そもそも東京の高速決着では2000mで1:56.1秒が飛び出し、2歳馬が1800mを1:44.5秒で駆け抜ける。

なので今回JCの舞台となる馬場は

  1. 少し速い程度で、
  2. 直線の傷みは目視程の大きさはなく、
  3. やや上がりはかかるので、
  4. 向正面で先行出来て直線は少しでも外に持ち出せる。

馬が有利な馬場となる。

2000m条件戦で1:58秒台の理由

とはいえやはりこの時計は速いので、もしやJCで高速決着もあるのか?という不安が過ったのはこの通り事実。一層向正面の状態が気になって来る。

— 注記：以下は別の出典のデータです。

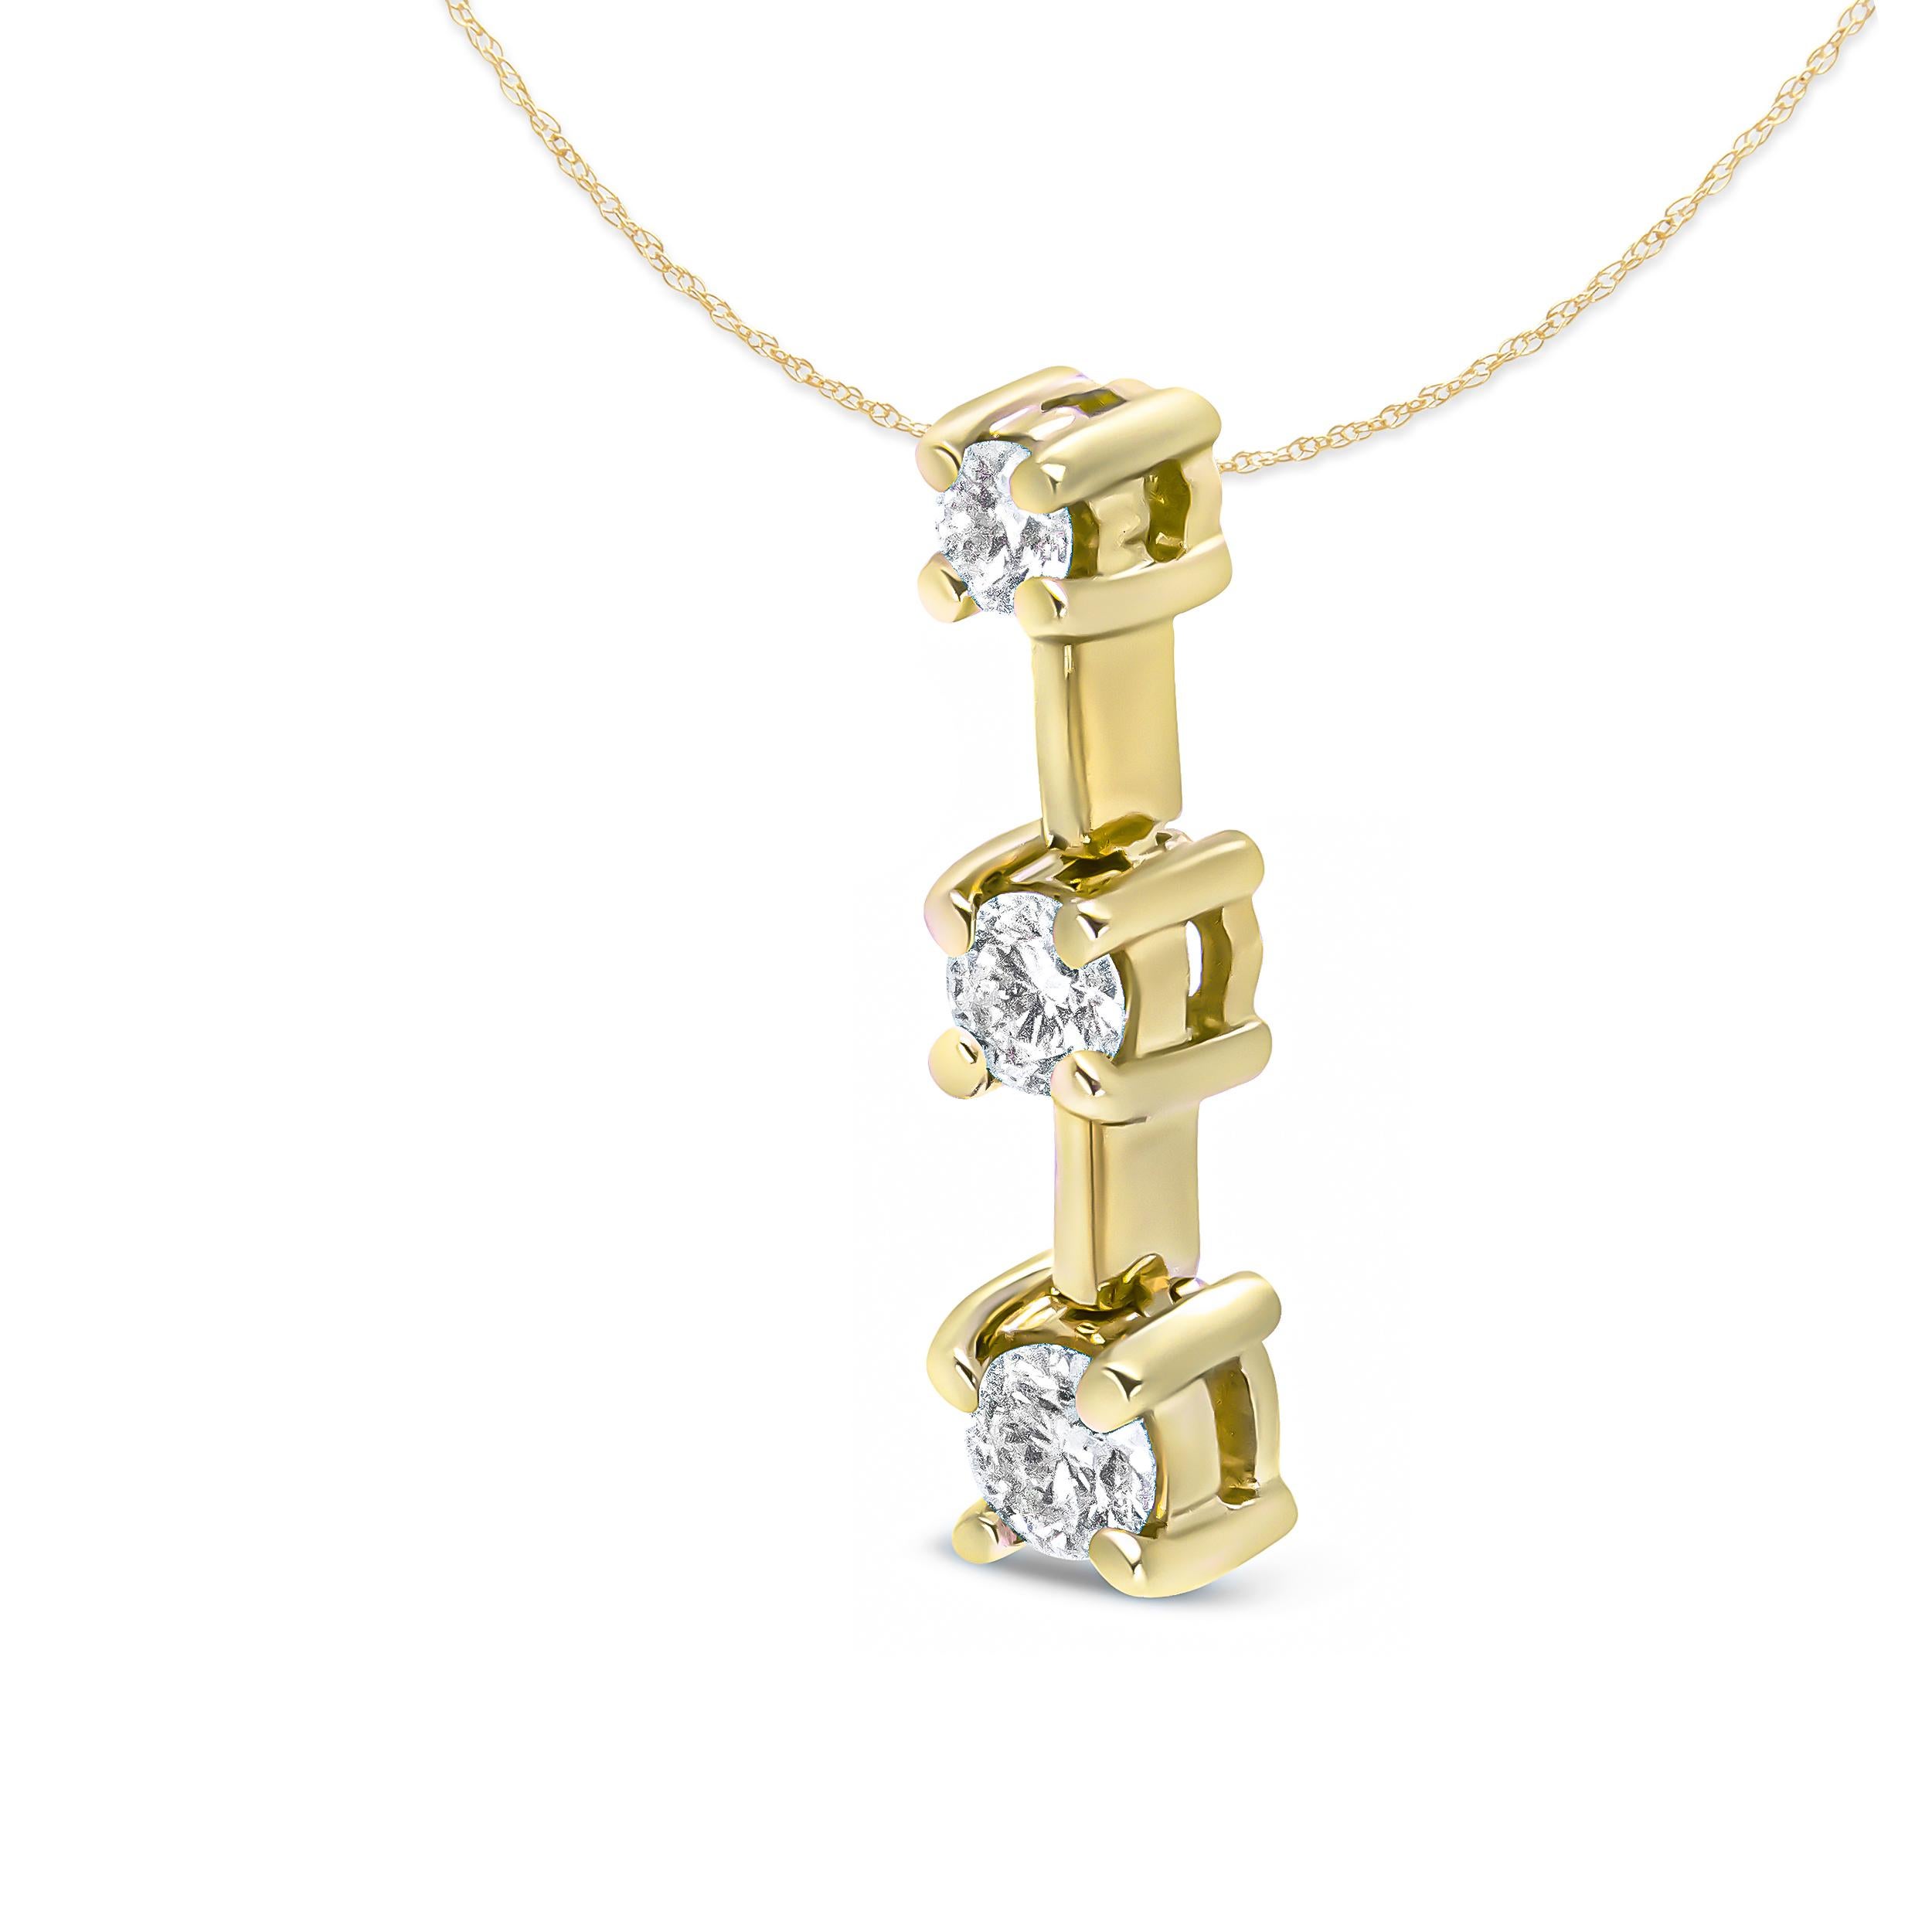 This three stone drop journey pendant necklace is a symbolic piece representing your past, present, and future. Three round diamonds in prong settings cascade downward in gradual sizes, with the diamonds totaling 3/4 cttw and an approximate H-I

まずは4R2歳未勝利戦を1:58.5秒で走破したウィズグレイスから見てみよう。

好枠①番から逃げたウィズグレイスとルメールは、ひたすらインビタから直線は思いっきり外に振る。2着馬を6馬身斬り捨てているが、上がりは35.8と平凡だ。

キレイな向正面はインビタ

直線はやり過ぎなくらい外に回すルメール。その他の馬群からはそれほど外へ向かう意識は窺えない。

このレースの前半1000mは59.2秒のミドルペースで上がりも35.8と遅いのに好時計が出ているのはおかしい。おおよそ見当の付いているカラクリを確信に変える作業をしなければならない。

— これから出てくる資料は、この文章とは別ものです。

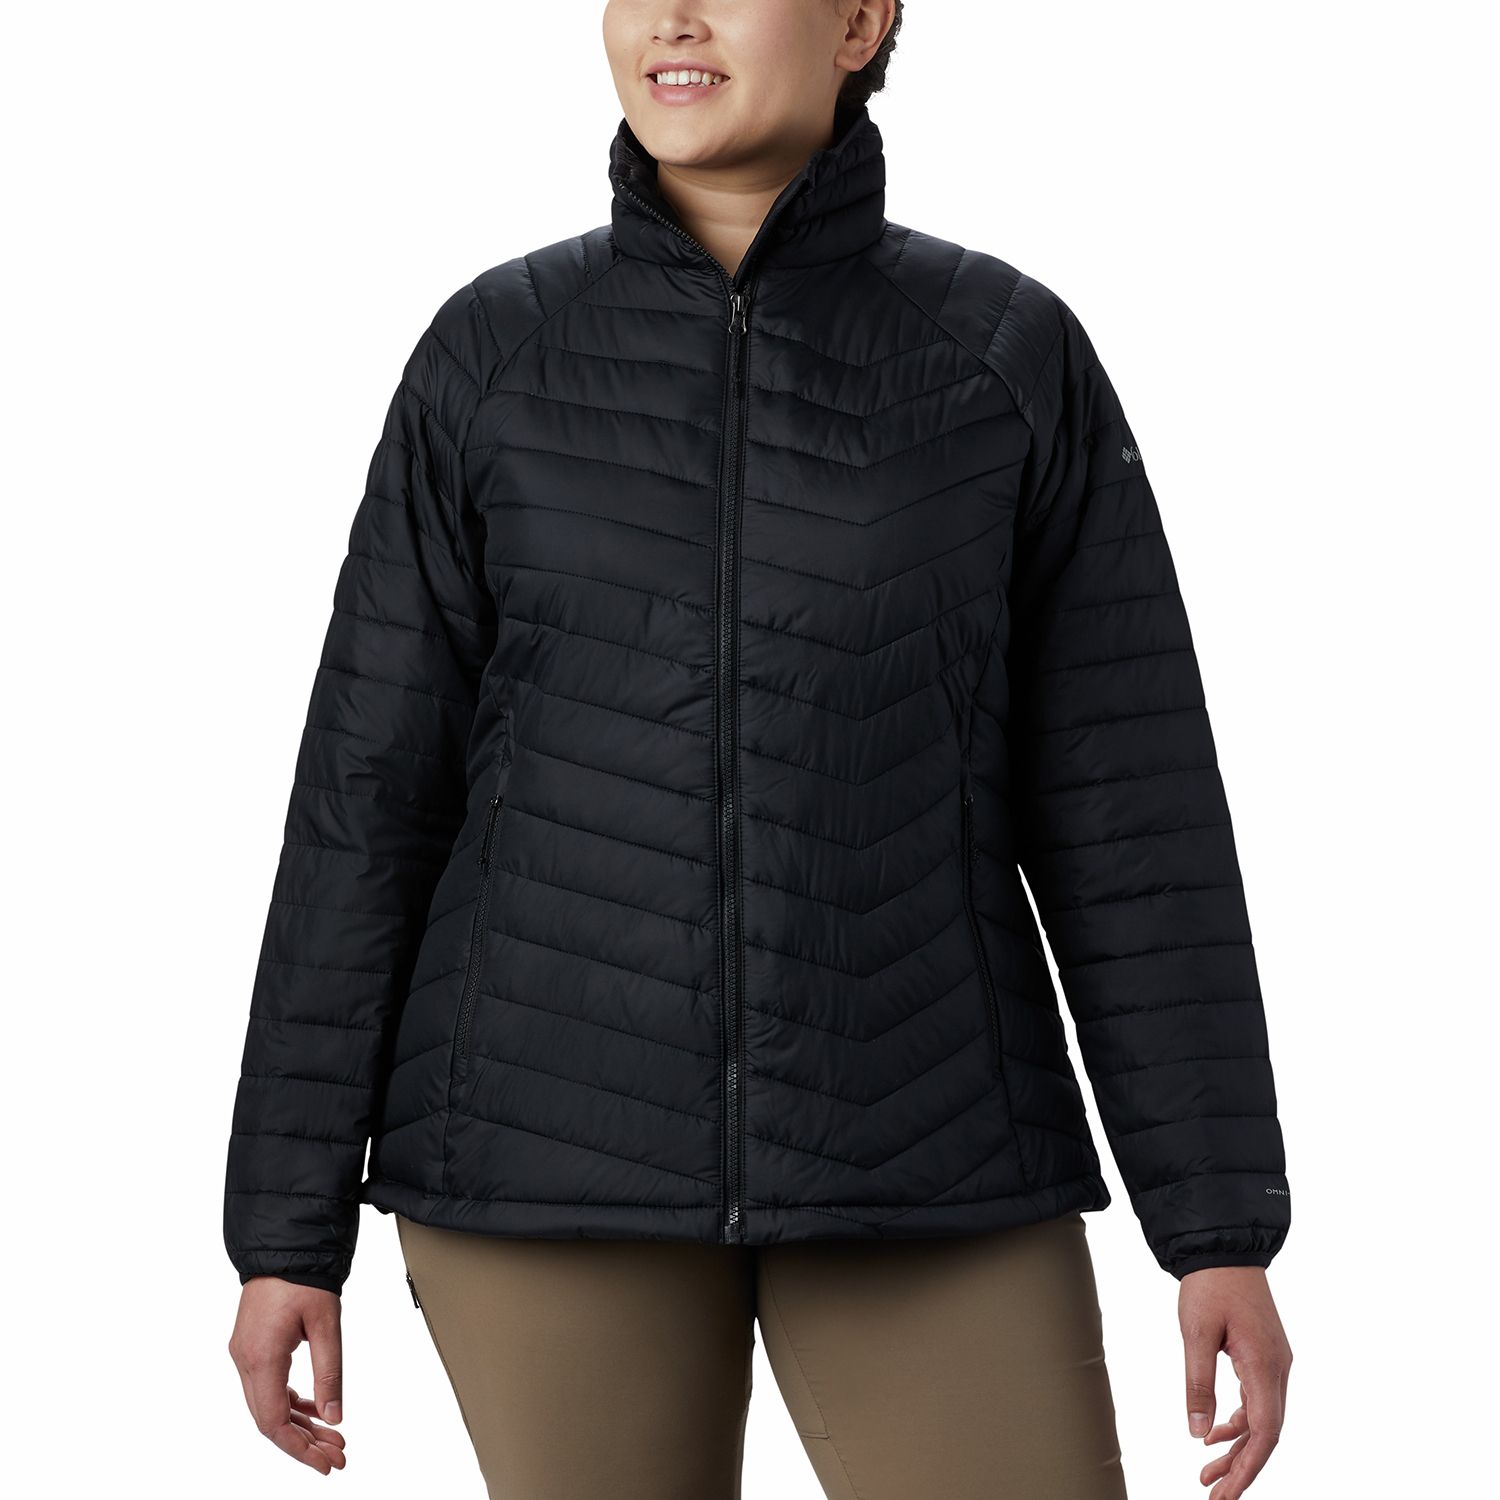 columbia jackets on sale womens plus size

最初の200mこそ12.6。ただそこから4角手前までの6Fは11.3-11.5-11.6-12.2-11.9-11.6=70.1秒で刻んでいる。ここまで1400mの合計タイムは1:22.7。外へ促しながらの次の1Fは11.0と更に加速する。

土曜日より全体的に僅かにクッション値が上がり、含水率も下がっているということもあるが、直線に比べて向正面の馬場の良さは想像を超えて来た。

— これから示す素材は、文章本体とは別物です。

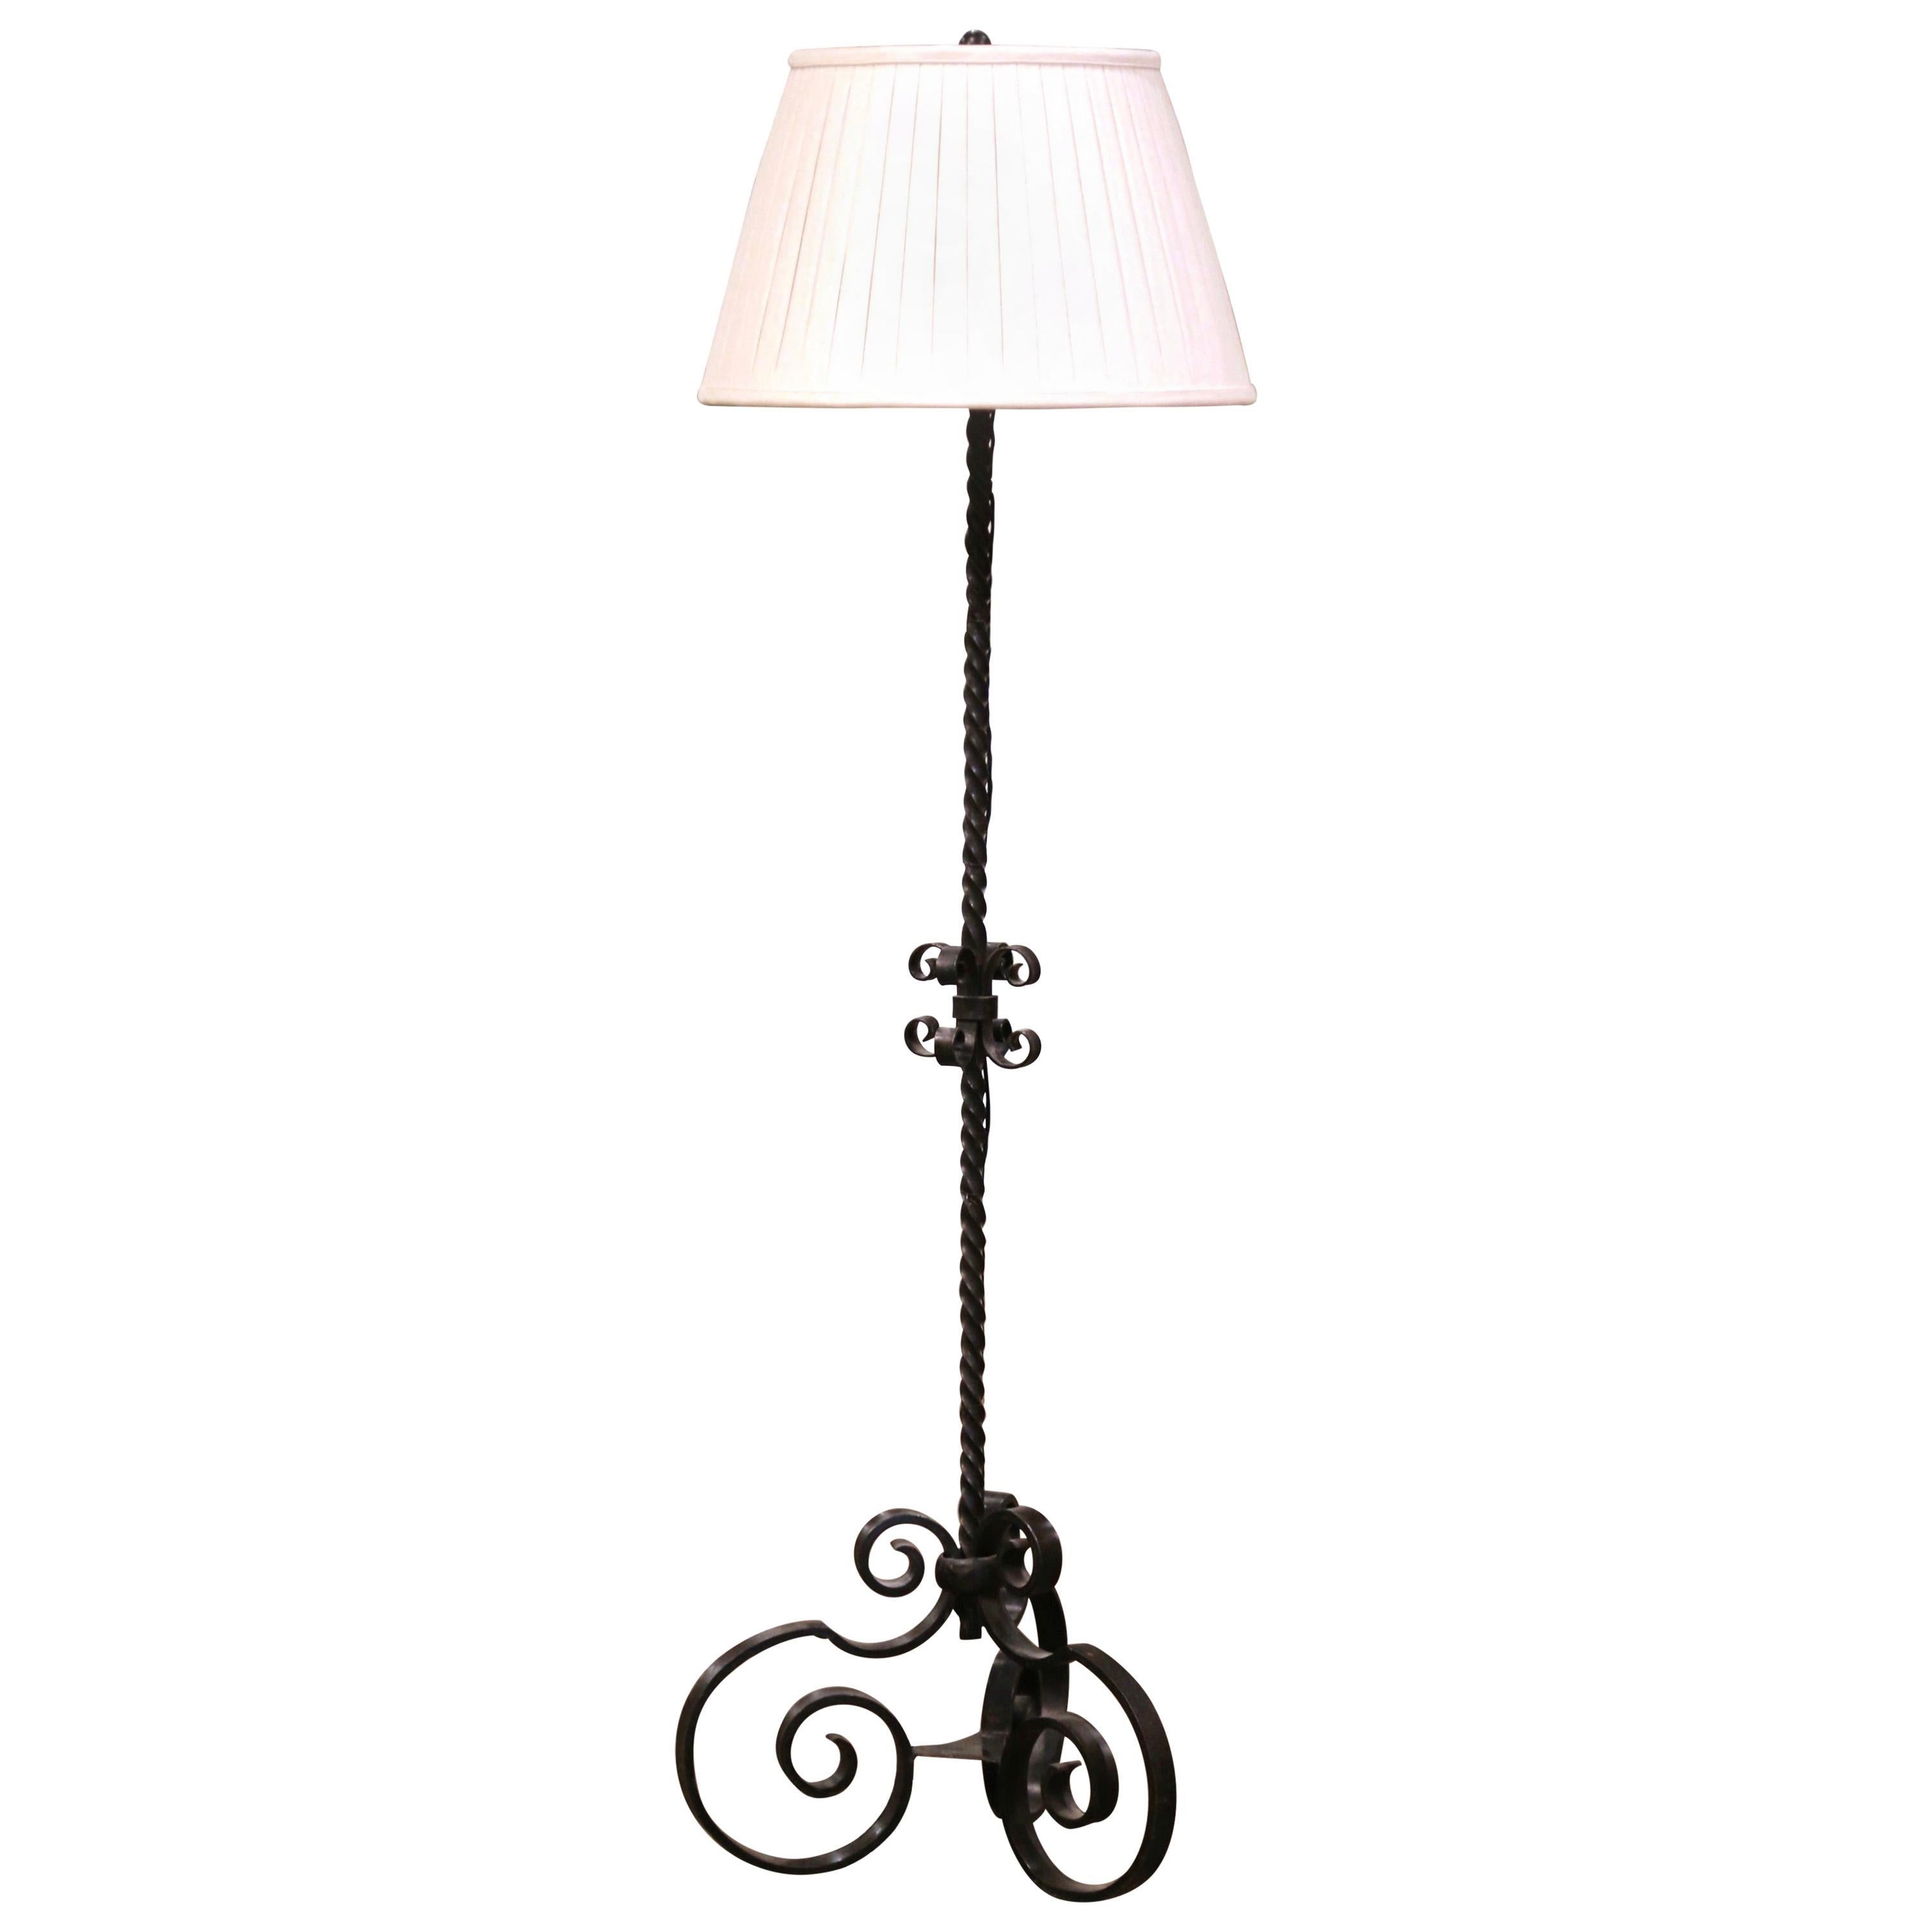 Early 20th Century French Gothic Black Wrought Iron Floor Lamp

次に9Rのオリエンタル賞(2勝クラス)。これも最初の200mこそ12.5秒だが、1600通過時は1.33.0であるように200~1600mの部分が時計が速い。

直線大外に回したグランオフィシエが1:58.4で走破し、俄然「外差し高速馬場!」の趨勢は高まるが、所詮は上がりが34.5であるように直線はキレではなく、純粋な能力値の高さを要求している。

そしてJC前の11RウェルカムS(3勝クラス)ではまたしても1:58.4の好時計。

勝ち馬ジャックドールは直線も外に持ち出さず、ひたすらインビタのまま逃げ切った。「アガ4(上がり最速4着)」が大好きな藤岡佑介のここでの騎乗は褒めていい。

有利とは言えない⑬番枠からインへと突進。

2コーナーまでにイン強奪。

向正面インビタ。

直線もほぼインビタ。

後続は3馬身半離れたが最内を通ったジャックドールの上がりが外を差し込んだ5着エアジーンと並び34.3で最速。

勝ち馬より外を回った面々は概ね34.4~8で、外の2着馬ハーツイストワールが34.4、内を回った3着シンボ34.8、7着マイネルミュトスは34.5とそれほど内外で大きな差はない。

上記2000m3鞍での高速決着の要因は向正面の馬場の良さも勿論あるが、それぞれの勝ち馬が2着馬に6馬身-2馬身-3馬身半と決定的な差を付けている事から、根本的に能力が違うので走破時計もその分速かったという結論になる。

木を見付けたら森の中を散策し、川があったら源流を辿るのは競馬も同じだ。

ではJCは?

第41回ジャパンカップ(G1):出走馬全頭診断

4角手前までは隠れ先行馬有利の馬場で豪脚一閃は無理があり、せめて中団より前で追走出来る操縦性に加え、最後は能力の絶対値が問われるという「真の王者を決定するに相応しい舞台」が実は出来上がっていたという事だ。

今思えばキセキとブルームが出遅れた隙を突いて、アリストテレス・横山武史が逃げの手に出たのは、先手を取るアドバンテージの大きさを踏まえての戦法だったのかも知れない。

操縦性に勝るオーソリティを最強コントレイルが抜き去り、キレ脚自慢のシャフリヤールは(1角の大不利も痛かったが)3着までという抜けた上位人気馬3頭での結果はこの馬場を見事に反映していた。

なお、コントレイルの上がりは2400m戦にして本日最速の33.7秒。(他に33秒台は1800m戦サリエラの33.9秒のみ)

数字的にもビジュアル的にも問答無用の強さを証明した爆速の飛行機雲は、最後にファンへ一礼して北の地へと旅立った。

能力優先の馬場=コントレイルが勝つよね。という結論で〆。